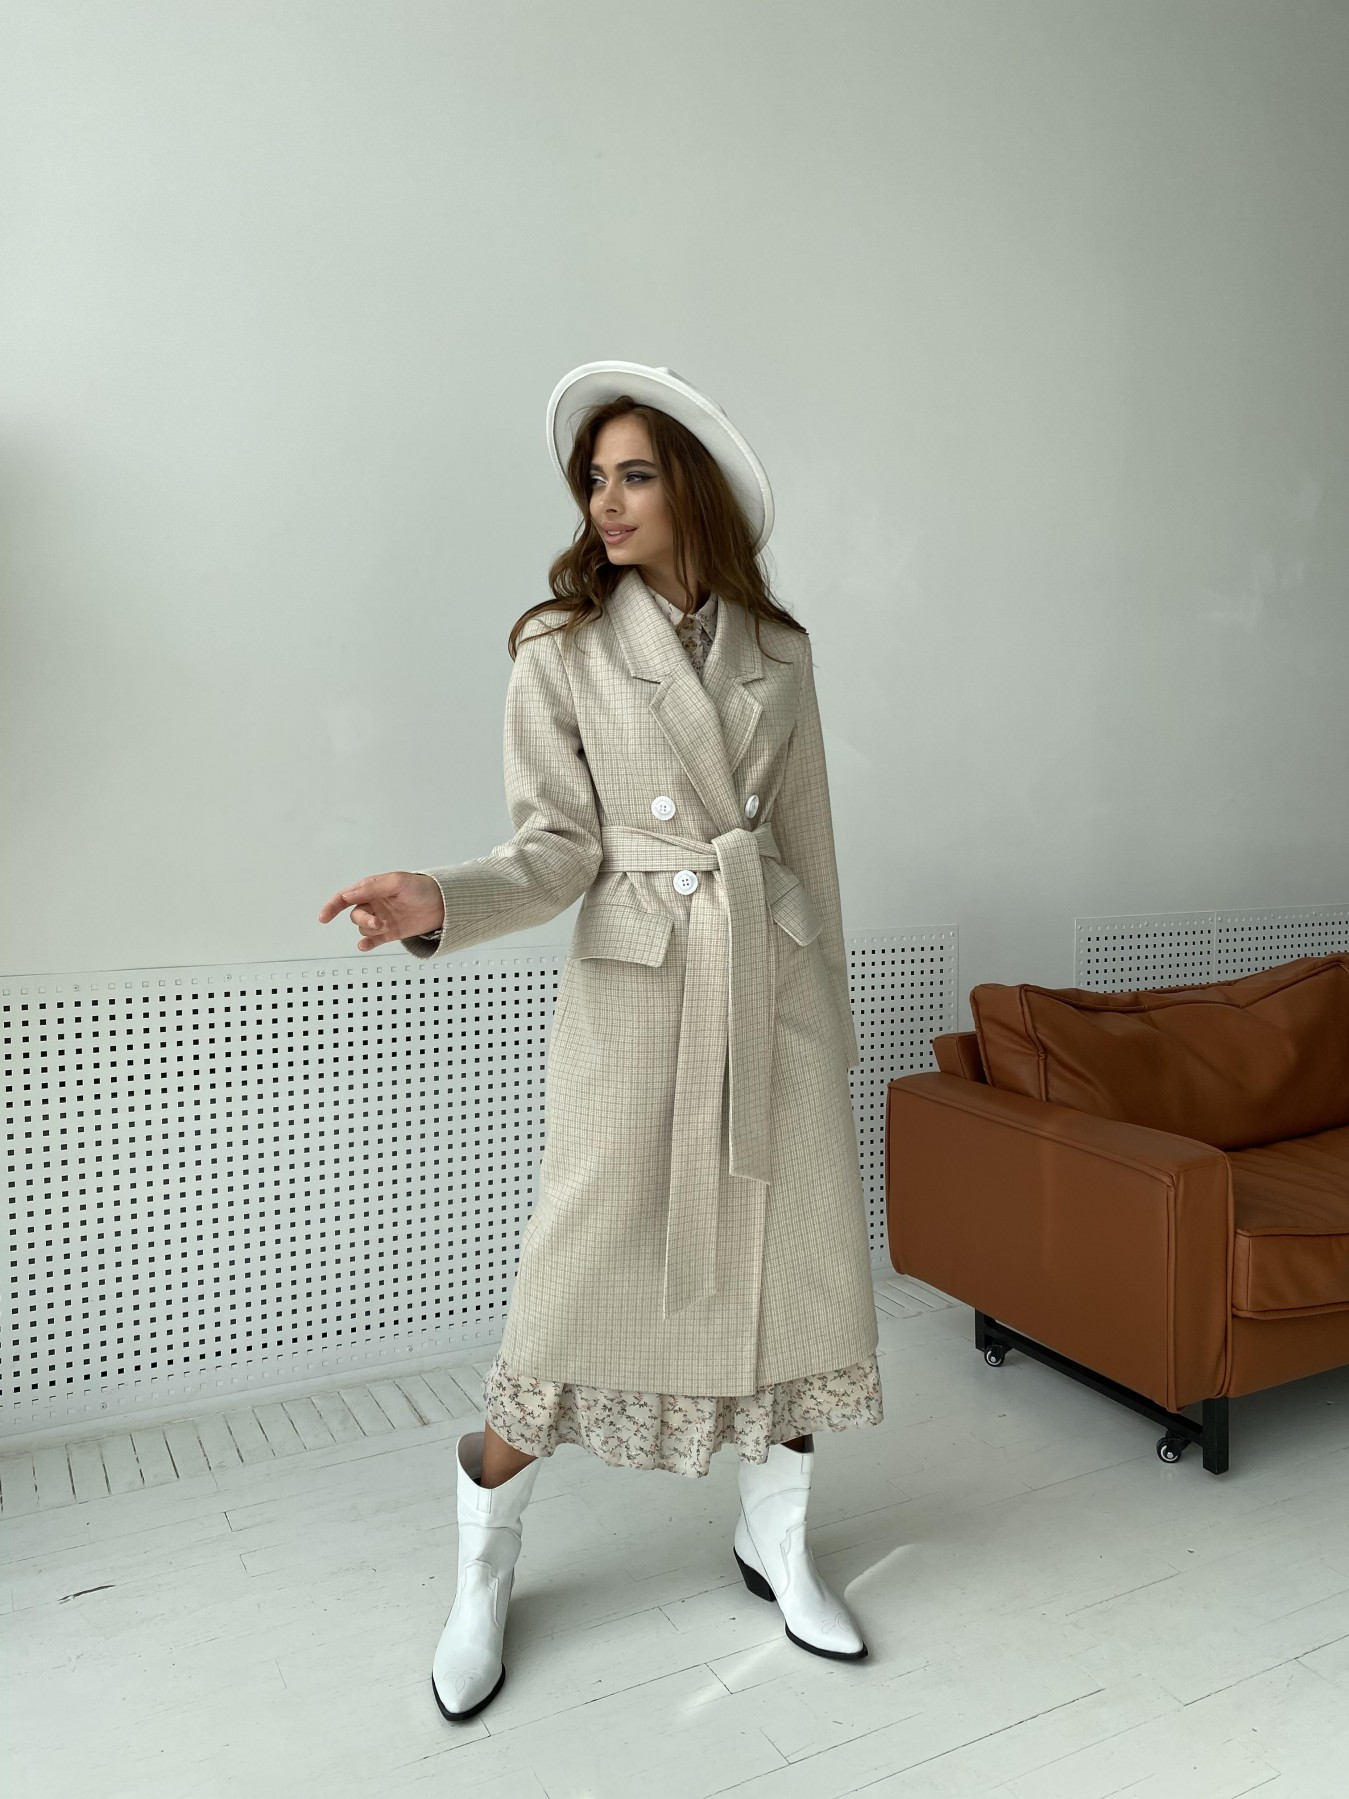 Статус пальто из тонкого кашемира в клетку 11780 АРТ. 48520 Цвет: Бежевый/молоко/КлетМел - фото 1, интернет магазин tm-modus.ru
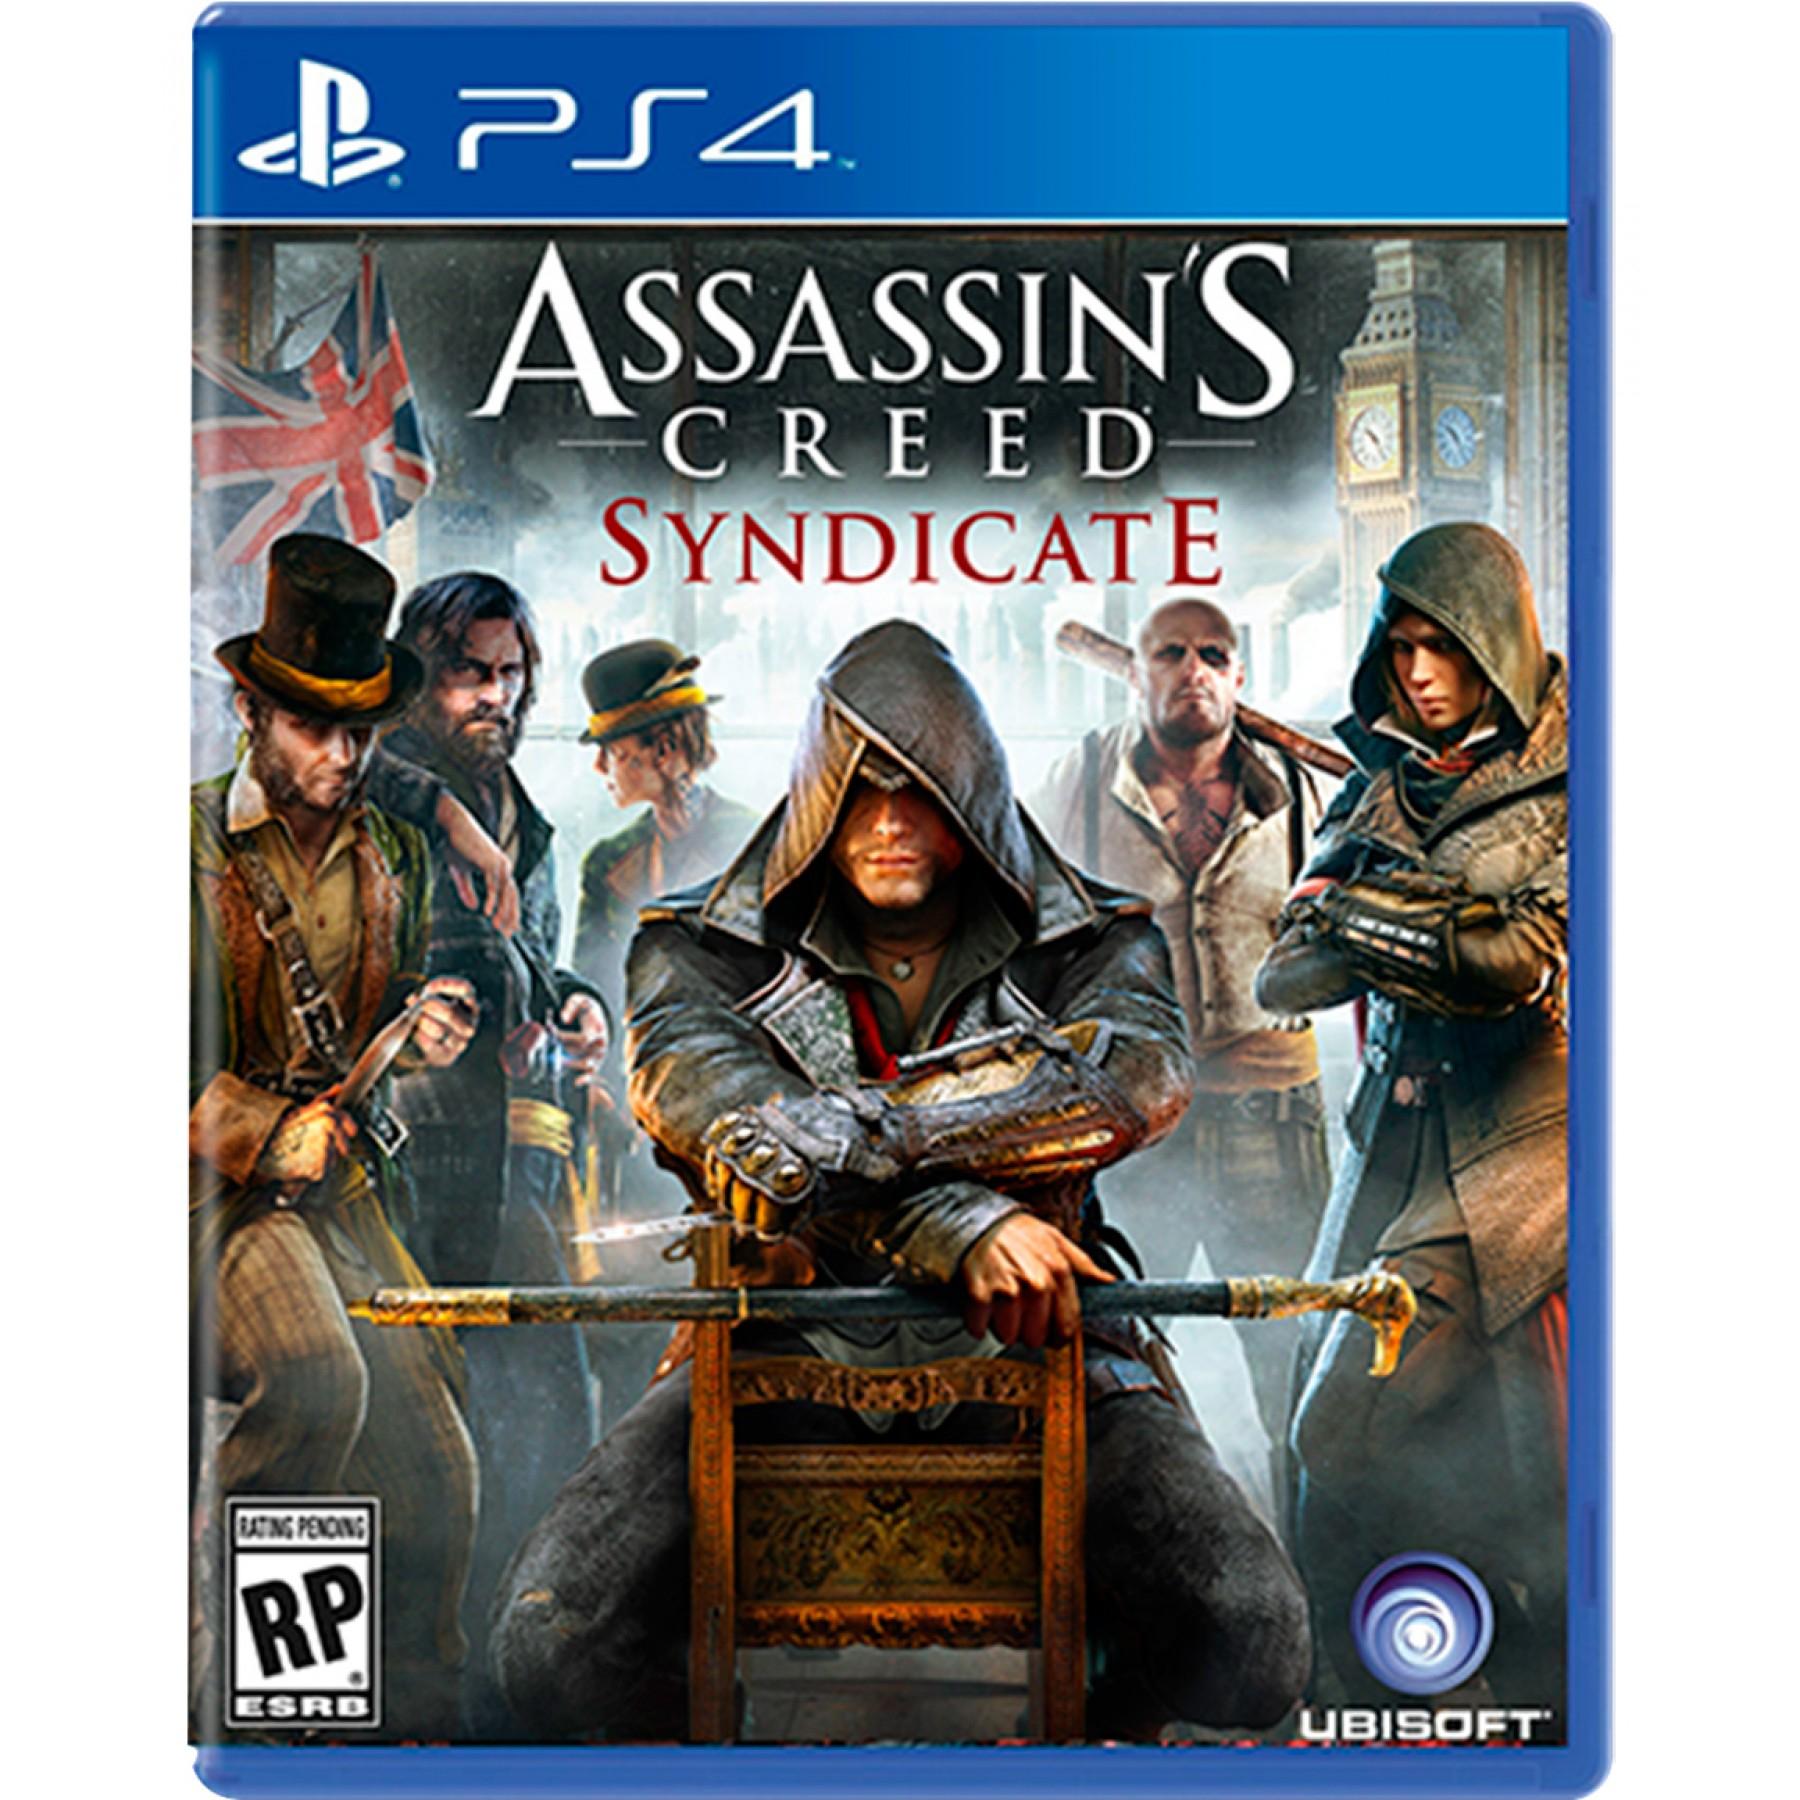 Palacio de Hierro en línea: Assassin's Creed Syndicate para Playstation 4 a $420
☆ ☆ ☆ ☆ ☆ ☆ ☆
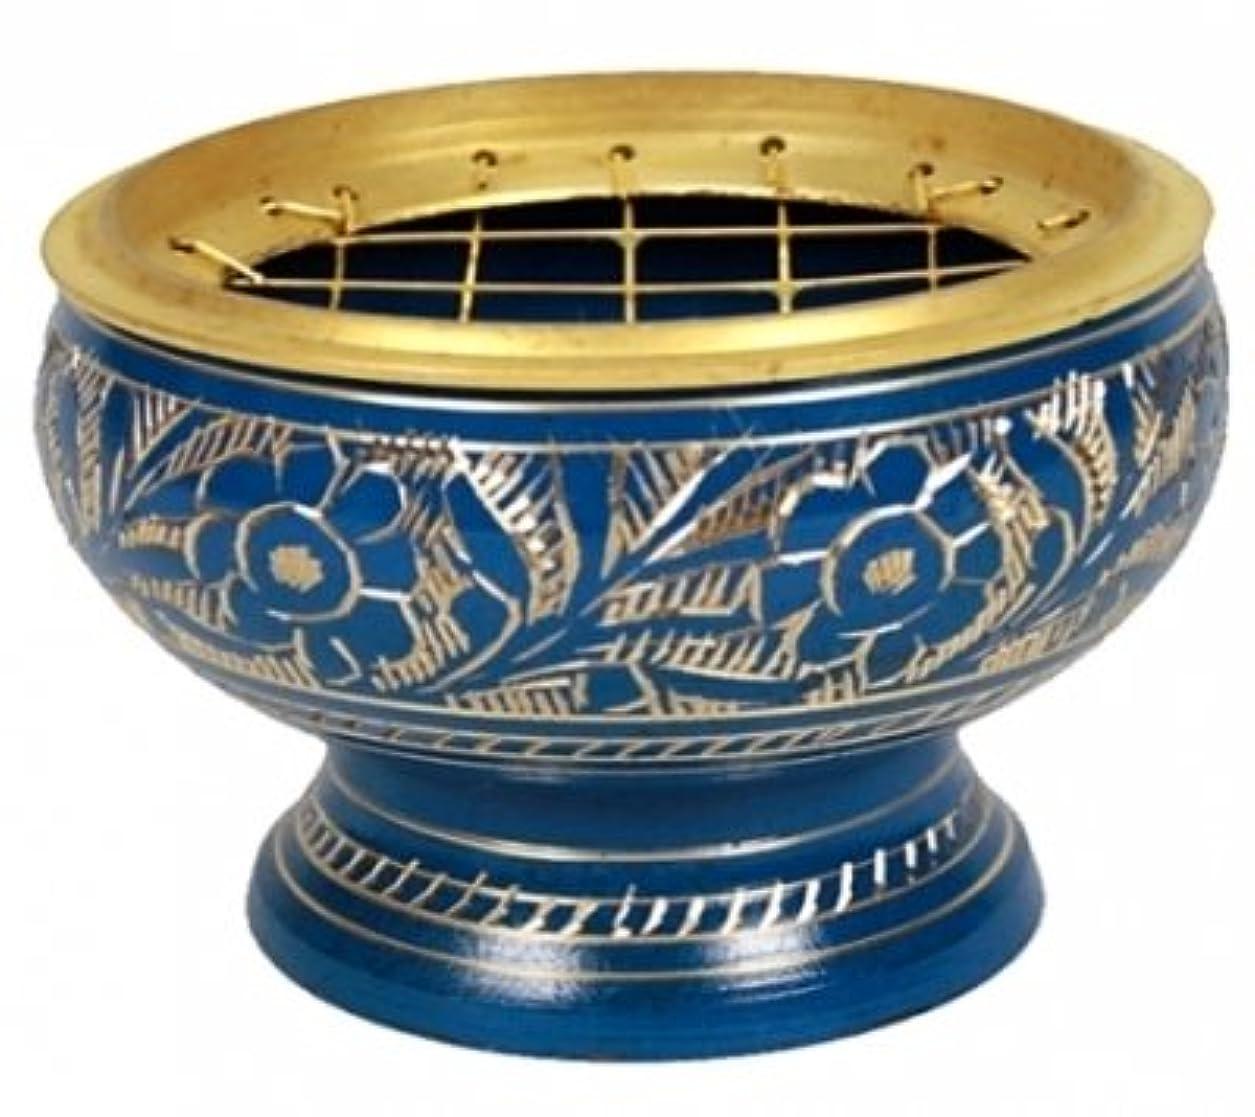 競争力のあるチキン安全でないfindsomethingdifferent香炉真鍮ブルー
☆ ☆ ☆ ☆ ☆ ☆ ☆
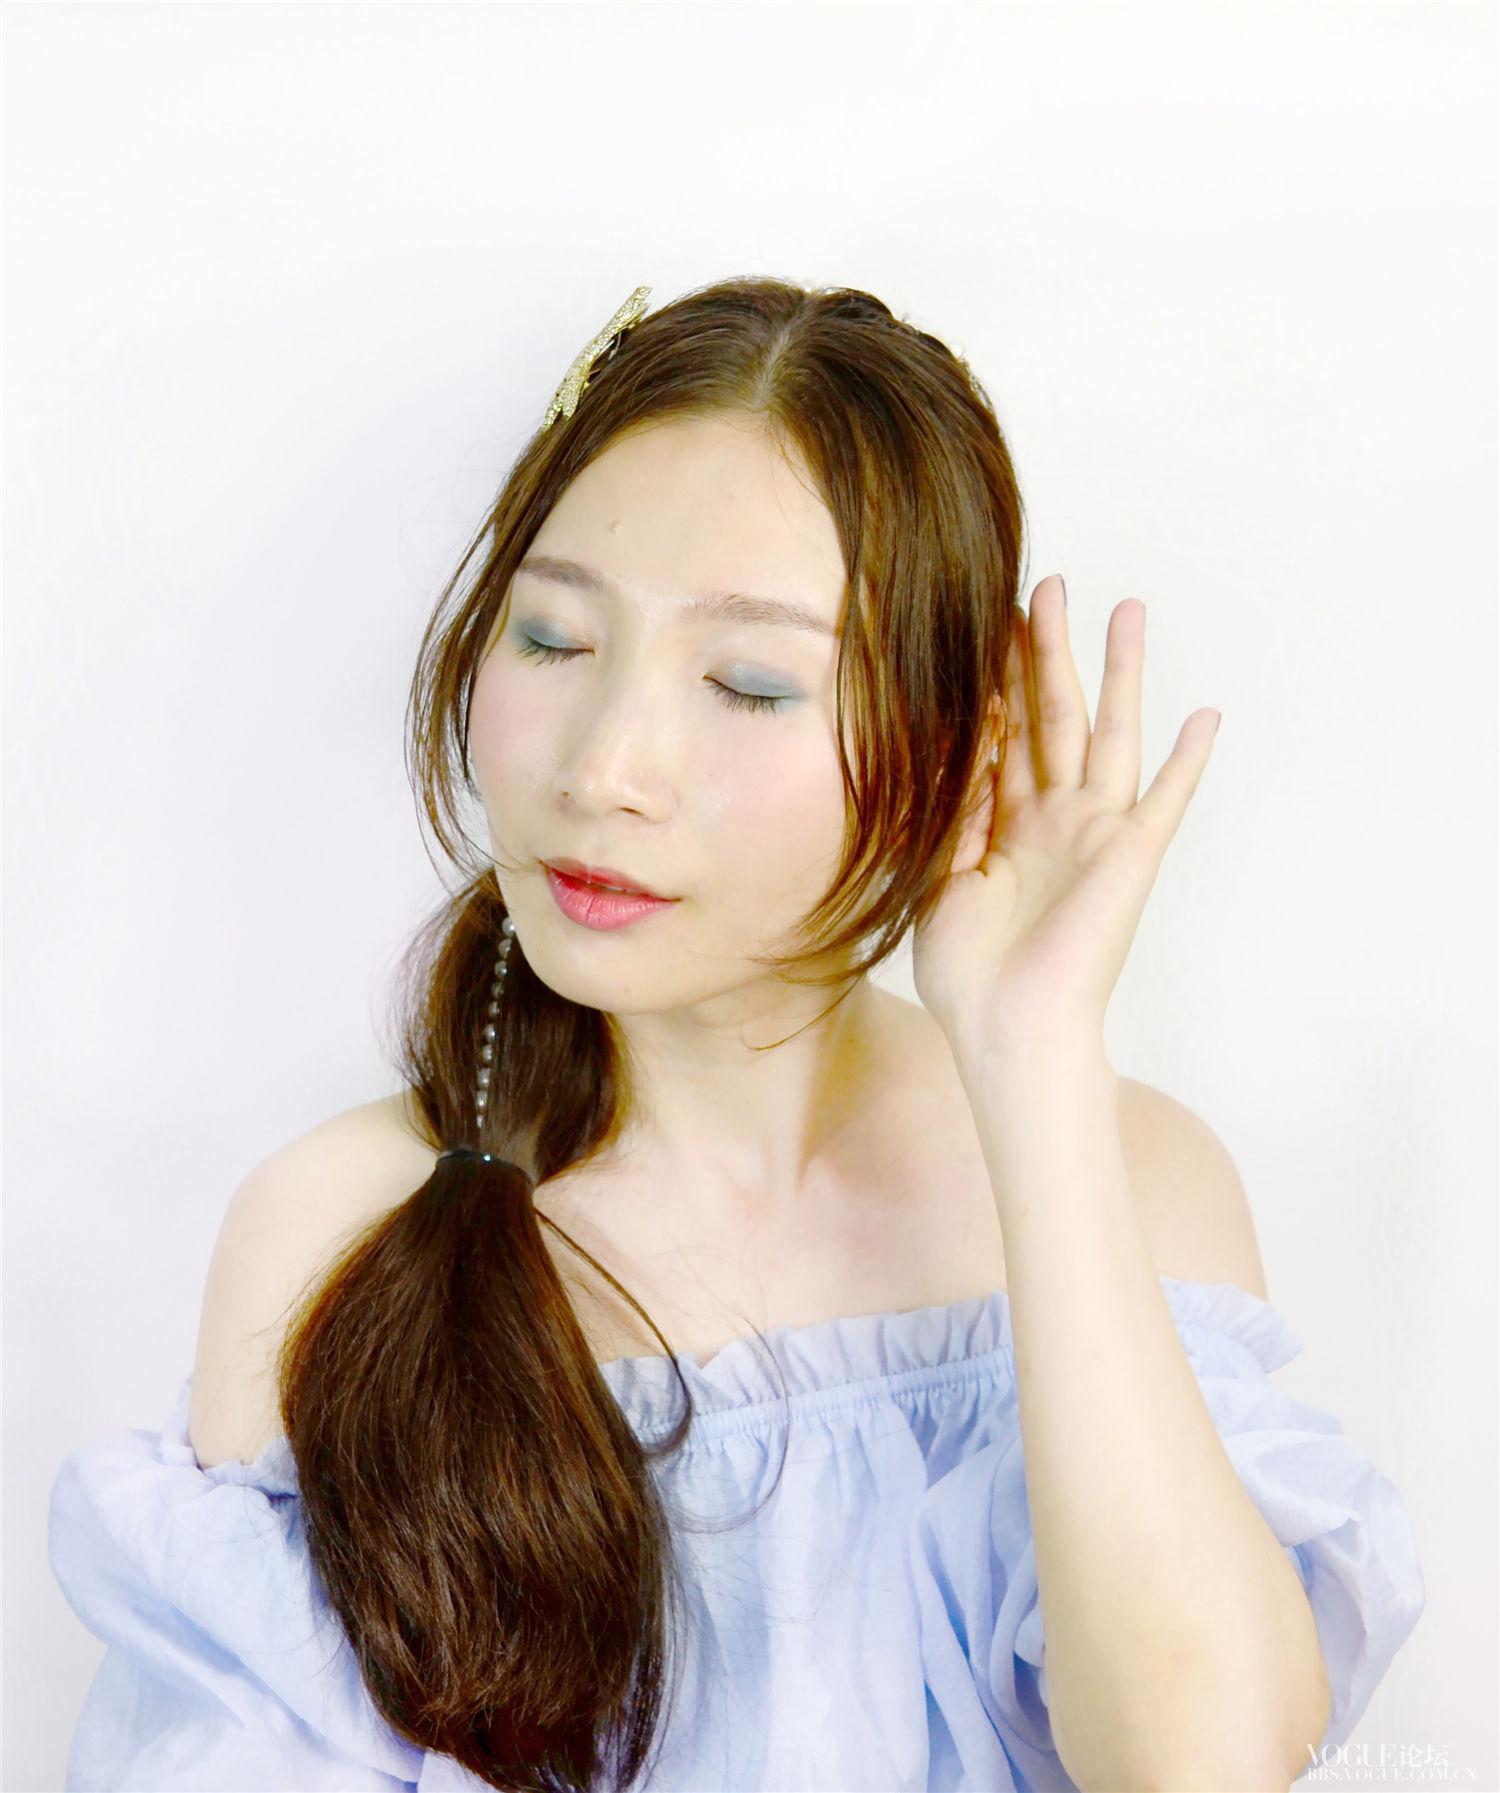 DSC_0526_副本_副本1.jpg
☆ ☆ ☆ ☆ ☆ ☆ ☆
## Aim of the exercise
Print everything from the line with "Статус пальто из" down to the line with "Palacio de Hierro" in the entries above, both lines included and nothing more, without the pictures.

## Solution to the exercise
 Статус пальто из тонкого кашемира в клетку 11780 АРТ. 48520 Цвет: Бежевый/молоко/КлетМел - фото 1, интернет магазин tm-modus.ru
 Palacio de Hierro en línea: Assassin's Creed Syndicate para Playstation 4 a $420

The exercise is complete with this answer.